Solar Powered Automatic Lawn Mower


Solar Powered Automatic Lawn Mower 
“Lawn Buddy” 

December 9, 2009 



Appendix
Figure 1 - System Block Diagram
Figure 2 - Preliminary Design
Figure 3 - Three Axis Micromachined Accelerometer
Figure 4 - PIR Motion Sensor
Figure 5 - High Performance Sonar Module
Figure 6 - Low Pass Filter
Figure 7 - Humidity Sensor
Figure 8 - Plot of Relative humidity versus output voltage.
Figure 9 - Quadruple Half-Driver
Figure 10 - Bi-directional motor control with L293DNE
Figure 11 - Logic table for L293DNE.
Figure 12 - Battery NiMH
Figure 13 - Solar Panel
Figure 14 - ATmega16 Microcontroller
Figure 15 - Spiral cutting pattern
Figure 16 - Random cutting pattern
Figure 17 - S.P.A.L.M. Schematic.
Figure 18 - Two PWM Signals
Figure 19 - Testing PWM
Figure 20 – Program code
Figure 21 – Profile pictures of Lawn Buddy




Overview
Features: 

  • • Three safety sensors 
    • o PIR Sensor (Human detection) 
    • o Ultrasonic Sensor (Object detection) 
    • o Accelerometer (prevents lawn operations while being held) 
  • • Mulching cutting system 
    • o Cuts grass into tiny pieces that will later fertilize the lawn 
  • • Solar powered 
  • • “Plug and Cut” Design 
    • o No installation required 

Benefits: 

  • • Zero emissions 
  • • Helps reduce the 5% of the U.S. pollution caused by gas powered lawn mowers 
  • • Will not show up on electrical bill 






Description



This project is an autonomous lawn mower that will allow the user to the ability to cut their grass with minimal effort. Unlike other robotic lawn mowers on the market, this design requires no perimeter wires to maintain the robot within the lawn. Through an array of sensors, this robot will not only stay on the lawn, it will avoid and detect objects and humans. This design is still in the prototype stage due to financial and time constraints. Documentation includes all major design aspects. This project will continue in hopes to market the design.




Introduction

In the time where technology is merging with environmental awareness, consumers are looking for ways to contribute to the relief of their own carbon footprints. Pollution is man made and can be seen in our own daily lives, more specifically in our own homes. Gas powered lawn mower are in 90% of U.S. home and they create 5% of the total U.S. pollution. Green technology initiatives are being support by both the government and cooperates business. Our new design for an old and outdated habit will help both the consumer and the environment.

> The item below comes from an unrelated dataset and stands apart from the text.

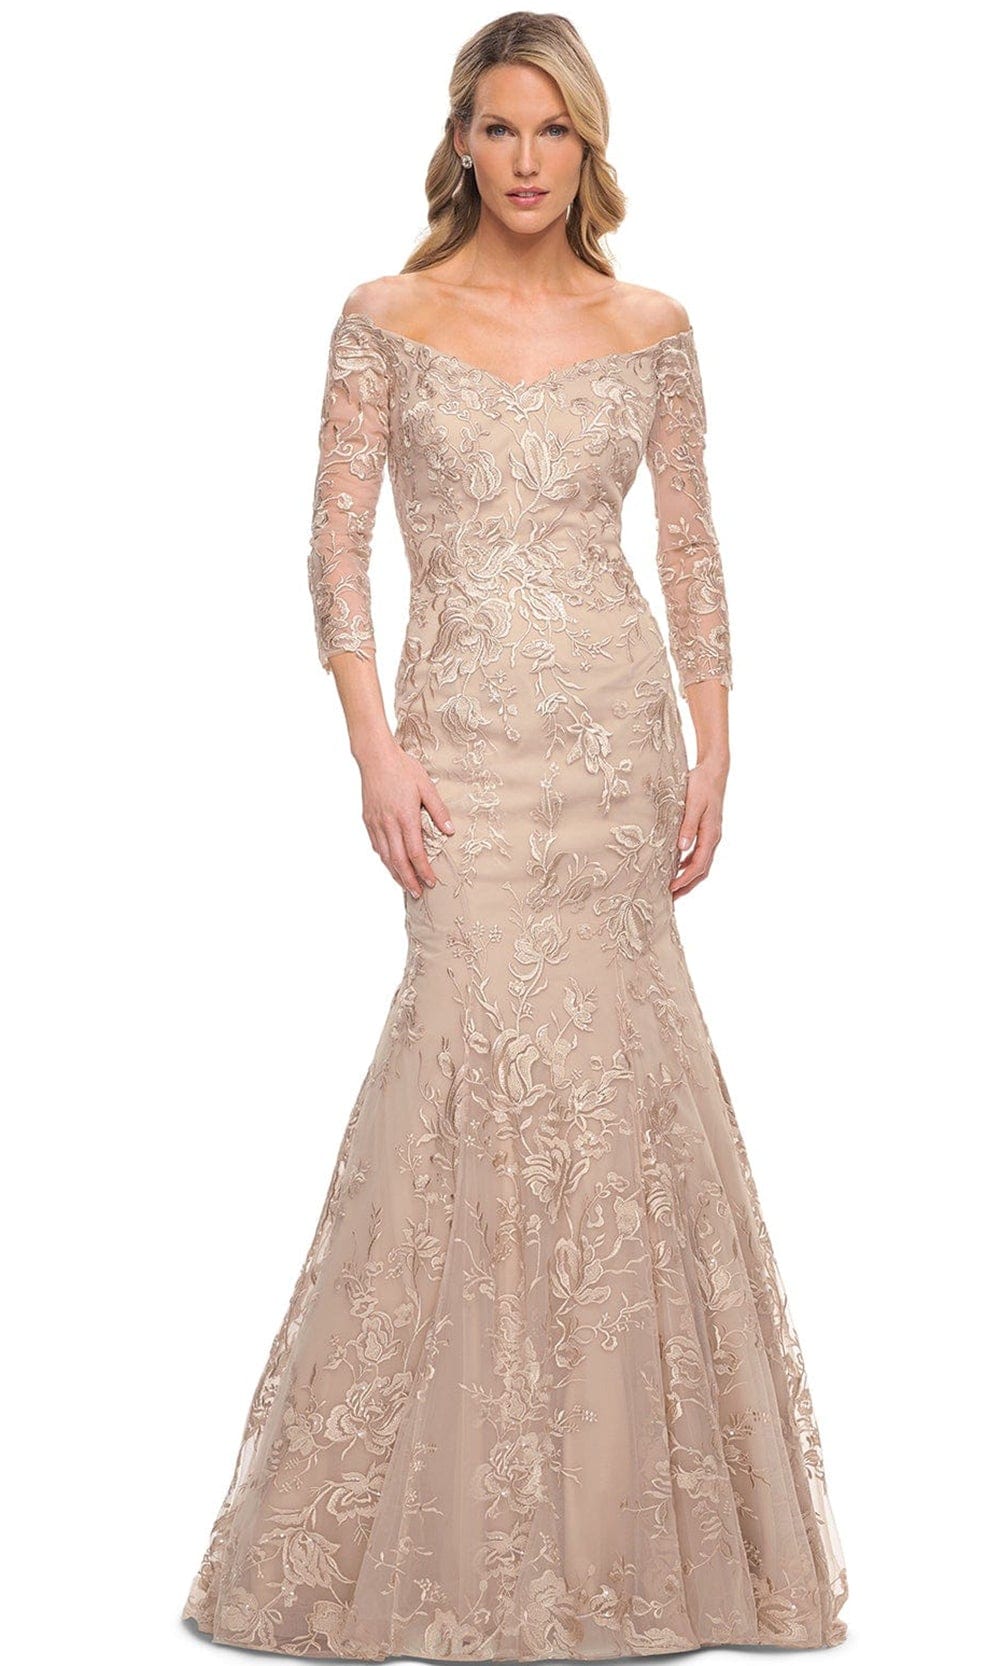 Image of La Femme 30164 - Embroidered Mermaid Mother of the Bride Dress
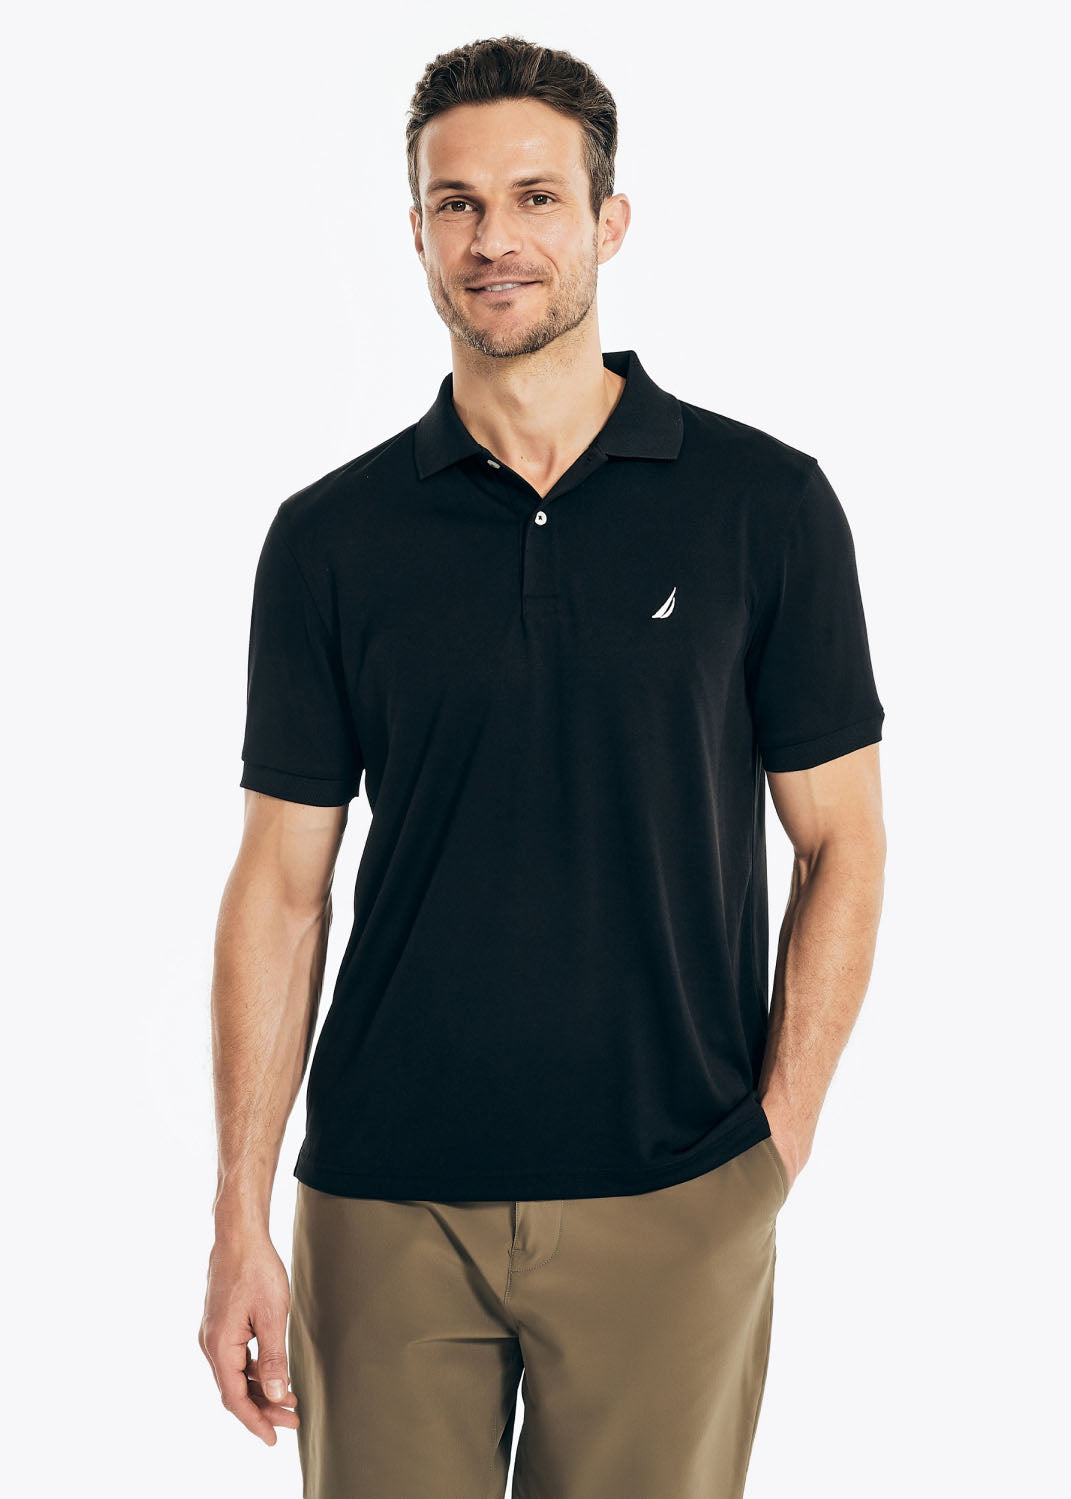 NAVTECH CLASSIC FIT PERFORMANCE POLO

This project of a solar powered automatic lawn mower will relieve the consumer from mowing their own lawns and will reduce both environmental and noise pollution. This design is meant to be an alternate green option to the popular and environmentally hazardous gas powered lawn mower. Ultimately, the consumer will be doing more for the environment while doing less work in their daily lives. The hope is to keep working on this project until a suitable design can be implemented and then be ultimately placed on the market.




Overview

This design contains a microcontroller, multiple sensors, and a solar charging system.  Adding these elements together, we get our robotic lawn mower. The sensors are the eyes of our robot. The goal was to let our robot see the difference between grass and concrete while monitoring its surroundings continuously. Initially, we had an idea what type of sensors we wanted to use. Our robot needed to detect if it was on grass versus on concrete and we decided to use a humidity sensor. Since concrete/dirt and grass are distinctively different in density and moisture levels, the humidity was a good factor to distinguish both materials. In addition to sensing humidity, we wanted object detection; both humans and objects. In which case, we went with using a passive infra red sensor to detect the heat radiation from humans and an ultrasonic sensor to detect if the robot was heading into an object. Safety is the main concern when designing a robot with blades. We wanted our robot not to start operating if it was being held in the air by the user. Knowing that the user would be randomly holding the robot we needed a sensor to detect orientation. The accelerometer was thought of being used because it can detect its orientation based on pre calibrated axis orientation. The power the system there are many options. With recharging batteries, there are various chemistries but we decided to go with the one that work best with solar charging. The nickel-metal hydride (NiMH) was found to be the best because given a low charging current, it will not over charge. Sizing the battery will depend on what we are powering, specifically the motors. Like batteries, there is a range of motors to choose from. We went with two 7.2 DC motors with integrated gear heads. The needed torque did not need to be a lot because we were going to have a small prototype. These motors have 100 oz-in torque which is plenty for our design. The block diagram of our design is shown in figure 1.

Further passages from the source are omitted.